ICLR 2025 Conference Submission560 Authors

13 Sept 2024 (modified: 24 Nov 2024)ICLR 2025 Conference SubmissionEveryoneRevisionsBibTeXCC BY 4.0
Keywords: language model, code synthesis, reasoning, synthetic data
Abstract: Software engineers mainly write code by editing existing programs. In contrast, language models (LMs) autoregressively synthesize programs in a single pass. One explanation for this is the scarcity of sequential edit data. While high-quality instruction data for code synthesis is already scarce, sequential edit data is even scarcer. To fill this gap, we develop a synthetic data generation algorithm called LintSeq. This algorithm refactors existing code into sequences of structured code edits by using a linter to procedurally sample across the syntactically interdependent parts of a program.
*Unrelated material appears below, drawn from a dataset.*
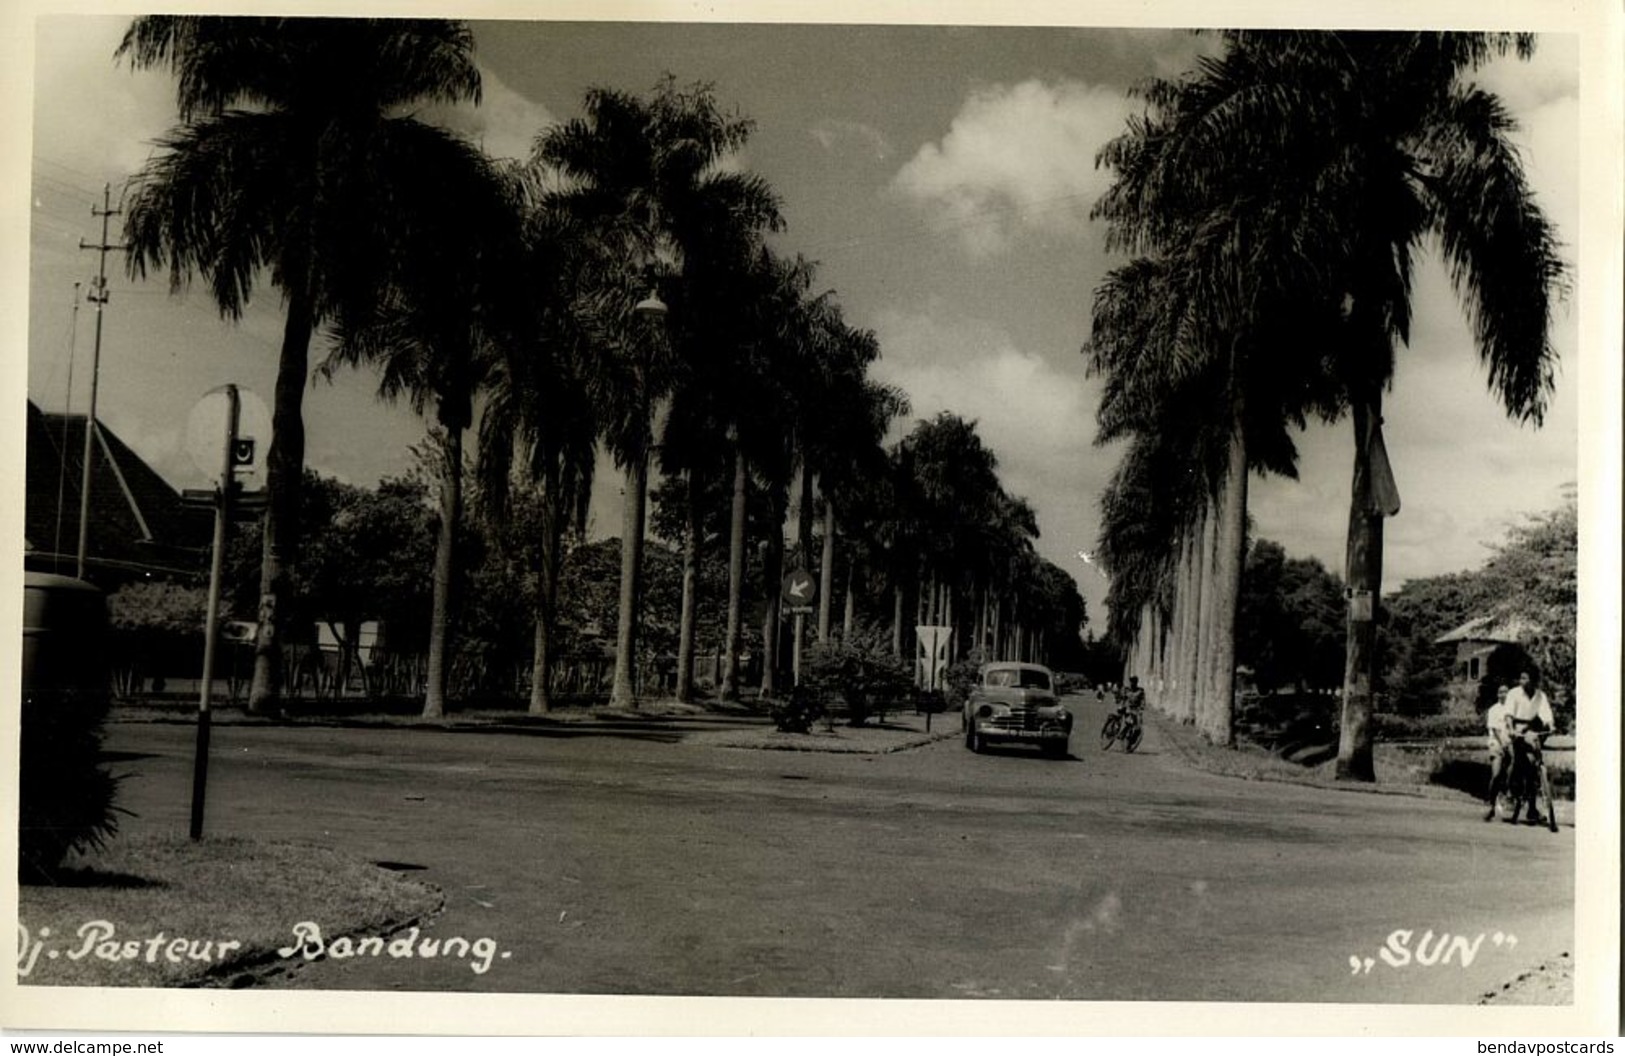 Indonesia, JAVA BANDUNG, Jalan Pasteur, Car (1940s) SUN RPPC Postcard - Indonesië

It outputs sampled edit sequences as text strings consisting of consecutive program diffs. To test LintSeq, we use it to refactor a dataset of instruction + program pairs into instruction + program-diff-sequence tuples. Then, we instruction finetune a series of smaller LMs ranging from 2.6B to 14B parameters on both the re-factored and original versions of this dataset. We perform comprehensive evaluations comparing LintSeq finetuned models against baselines on HumanEval, MBPP(+), CodeContests, DS-1000, and BigCodeBench. We show that edit sequence finetuned models match or outperform baselines on pass@1 and exhibit better scaling across higher pass@k as a function of total test-time compute. Finally, we also pretrain our own tiny LMs for code understanding. We show that finetuning these models on LintSeq data results in strong performance on HumanEval and MBPP(+) compared to existing code LMs of comparable size.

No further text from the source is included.